Items from a dataset ::
============================================================

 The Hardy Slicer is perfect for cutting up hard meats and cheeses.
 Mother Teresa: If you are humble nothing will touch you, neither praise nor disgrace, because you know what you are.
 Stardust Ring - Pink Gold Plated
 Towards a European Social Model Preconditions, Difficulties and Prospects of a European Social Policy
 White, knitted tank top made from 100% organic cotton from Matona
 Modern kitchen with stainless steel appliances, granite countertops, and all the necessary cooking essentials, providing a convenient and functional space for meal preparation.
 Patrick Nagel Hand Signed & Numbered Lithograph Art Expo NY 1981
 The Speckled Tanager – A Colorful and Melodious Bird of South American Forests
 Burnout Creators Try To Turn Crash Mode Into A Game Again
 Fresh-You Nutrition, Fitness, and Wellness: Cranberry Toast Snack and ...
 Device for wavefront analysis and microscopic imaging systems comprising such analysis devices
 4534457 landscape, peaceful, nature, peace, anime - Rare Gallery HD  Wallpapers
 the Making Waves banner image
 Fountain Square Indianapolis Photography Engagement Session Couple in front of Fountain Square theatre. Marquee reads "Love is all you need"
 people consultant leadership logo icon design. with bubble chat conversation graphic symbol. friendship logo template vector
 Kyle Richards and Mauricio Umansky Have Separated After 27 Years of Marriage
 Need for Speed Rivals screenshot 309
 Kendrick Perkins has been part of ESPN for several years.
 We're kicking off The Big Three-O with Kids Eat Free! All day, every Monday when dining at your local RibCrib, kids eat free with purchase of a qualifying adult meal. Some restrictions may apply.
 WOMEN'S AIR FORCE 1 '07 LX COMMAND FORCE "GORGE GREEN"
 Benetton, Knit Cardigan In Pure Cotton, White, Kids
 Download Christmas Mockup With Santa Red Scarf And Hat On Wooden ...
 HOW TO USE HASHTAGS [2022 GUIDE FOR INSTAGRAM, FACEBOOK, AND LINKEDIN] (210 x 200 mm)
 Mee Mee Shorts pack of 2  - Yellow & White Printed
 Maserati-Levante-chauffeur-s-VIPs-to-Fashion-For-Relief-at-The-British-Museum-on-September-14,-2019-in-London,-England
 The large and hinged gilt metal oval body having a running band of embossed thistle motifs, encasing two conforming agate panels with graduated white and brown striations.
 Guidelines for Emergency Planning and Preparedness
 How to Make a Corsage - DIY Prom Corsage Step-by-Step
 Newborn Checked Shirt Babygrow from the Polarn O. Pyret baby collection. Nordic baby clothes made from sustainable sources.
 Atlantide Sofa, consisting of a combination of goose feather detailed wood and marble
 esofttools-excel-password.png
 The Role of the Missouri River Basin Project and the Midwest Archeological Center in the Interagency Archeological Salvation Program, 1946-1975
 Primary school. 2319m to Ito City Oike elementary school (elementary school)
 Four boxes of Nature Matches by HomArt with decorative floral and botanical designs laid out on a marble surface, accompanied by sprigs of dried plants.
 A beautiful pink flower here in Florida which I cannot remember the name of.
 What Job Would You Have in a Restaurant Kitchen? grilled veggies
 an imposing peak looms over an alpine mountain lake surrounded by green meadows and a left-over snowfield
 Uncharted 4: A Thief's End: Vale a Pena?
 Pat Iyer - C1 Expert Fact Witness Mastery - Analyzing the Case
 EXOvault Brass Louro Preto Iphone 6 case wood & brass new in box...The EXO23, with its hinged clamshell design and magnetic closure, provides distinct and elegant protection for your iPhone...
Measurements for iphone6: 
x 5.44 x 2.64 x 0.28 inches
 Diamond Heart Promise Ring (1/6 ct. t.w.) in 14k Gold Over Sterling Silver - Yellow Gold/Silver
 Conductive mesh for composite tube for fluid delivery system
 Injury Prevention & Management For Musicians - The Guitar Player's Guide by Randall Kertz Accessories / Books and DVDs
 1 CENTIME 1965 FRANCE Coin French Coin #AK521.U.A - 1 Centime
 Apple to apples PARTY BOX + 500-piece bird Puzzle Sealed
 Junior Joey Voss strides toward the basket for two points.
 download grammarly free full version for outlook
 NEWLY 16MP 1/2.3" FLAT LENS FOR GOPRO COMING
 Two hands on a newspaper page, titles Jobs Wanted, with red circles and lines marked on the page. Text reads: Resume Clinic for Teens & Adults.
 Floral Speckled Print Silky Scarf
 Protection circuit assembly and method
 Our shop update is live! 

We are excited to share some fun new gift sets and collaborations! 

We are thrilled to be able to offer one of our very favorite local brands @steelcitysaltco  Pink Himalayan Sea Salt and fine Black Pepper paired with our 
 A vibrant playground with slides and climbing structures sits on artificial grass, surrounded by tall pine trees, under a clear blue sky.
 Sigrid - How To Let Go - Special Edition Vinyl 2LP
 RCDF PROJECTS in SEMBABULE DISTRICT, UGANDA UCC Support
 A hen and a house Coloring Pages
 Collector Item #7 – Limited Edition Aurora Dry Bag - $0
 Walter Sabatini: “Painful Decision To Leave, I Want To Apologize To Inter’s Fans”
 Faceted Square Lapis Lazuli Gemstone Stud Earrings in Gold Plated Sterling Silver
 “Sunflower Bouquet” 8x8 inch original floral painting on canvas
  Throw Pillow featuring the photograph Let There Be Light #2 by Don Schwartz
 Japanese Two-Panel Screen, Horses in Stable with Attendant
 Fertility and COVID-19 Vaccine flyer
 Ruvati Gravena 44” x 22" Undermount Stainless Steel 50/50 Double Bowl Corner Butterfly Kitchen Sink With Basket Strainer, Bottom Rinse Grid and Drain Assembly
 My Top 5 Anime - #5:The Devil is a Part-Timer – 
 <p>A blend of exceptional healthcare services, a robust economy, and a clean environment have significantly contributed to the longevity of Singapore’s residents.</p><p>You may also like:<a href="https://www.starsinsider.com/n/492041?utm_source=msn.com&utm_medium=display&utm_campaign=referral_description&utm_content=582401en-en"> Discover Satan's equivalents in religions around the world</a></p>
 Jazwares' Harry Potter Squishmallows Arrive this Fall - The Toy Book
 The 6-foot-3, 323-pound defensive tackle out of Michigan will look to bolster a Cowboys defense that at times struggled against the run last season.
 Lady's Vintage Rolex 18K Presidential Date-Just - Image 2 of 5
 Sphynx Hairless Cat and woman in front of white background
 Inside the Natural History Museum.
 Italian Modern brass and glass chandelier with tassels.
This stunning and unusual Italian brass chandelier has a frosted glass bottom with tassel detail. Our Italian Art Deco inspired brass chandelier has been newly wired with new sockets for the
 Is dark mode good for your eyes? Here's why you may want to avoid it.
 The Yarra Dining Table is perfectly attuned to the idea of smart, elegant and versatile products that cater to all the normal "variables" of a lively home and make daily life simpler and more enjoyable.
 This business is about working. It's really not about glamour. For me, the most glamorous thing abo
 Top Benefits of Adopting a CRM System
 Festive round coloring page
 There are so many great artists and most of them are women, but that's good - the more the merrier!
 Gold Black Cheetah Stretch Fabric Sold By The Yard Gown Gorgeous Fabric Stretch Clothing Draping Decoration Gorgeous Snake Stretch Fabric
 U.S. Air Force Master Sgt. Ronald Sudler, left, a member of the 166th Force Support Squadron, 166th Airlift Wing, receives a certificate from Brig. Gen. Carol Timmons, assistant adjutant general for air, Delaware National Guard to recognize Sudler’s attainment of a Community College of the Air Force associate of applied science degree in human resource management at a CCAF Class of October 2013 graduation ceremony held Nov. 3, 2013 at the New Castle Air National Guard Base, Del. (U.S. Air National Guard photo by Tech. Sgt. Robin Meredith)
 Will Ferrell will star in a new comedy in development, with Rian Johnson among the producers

============================================================

WORK REQUEST :: Go to the line with "the Making Waves banner image" in the entries above and repeat every line from there through the line with "Download Christmas Mockup", exactly and with no other text.

TASK SOLUTION ::
 the Making Waves banner image
 Fountain Square Indianapolis Photography Engagement Session Couple in front of Fountain Square theatre. Marquee reads "Love is all you need"
 people consultant leadership logo icon design. with bubble chat conversation graphic symbol. friendship logo template vector
 Kyle Richards and Mauricio Umansky Have Separated After 27 Years of Marriage
 Need for Speed Rivals screenshot 309
 Kendrick Perkins has been part of ESPN for several years.
 We're kicking off The Big Three-O with Kids Eat Free! All day, every Monday when dining at your local RibCrib, kids eat free with purchase of a qualifying adult meal. Some restrictions may apply.
 WOMEN'S AIR FORCE 1 '07 LX COMMAND FORCE "GORGE GREEN"
 Benetton, Knit Cardigan In Pure Cotton, White, Kids
 Download Christmas Mockup With Santa Red Scarf And Hat On Wooden ...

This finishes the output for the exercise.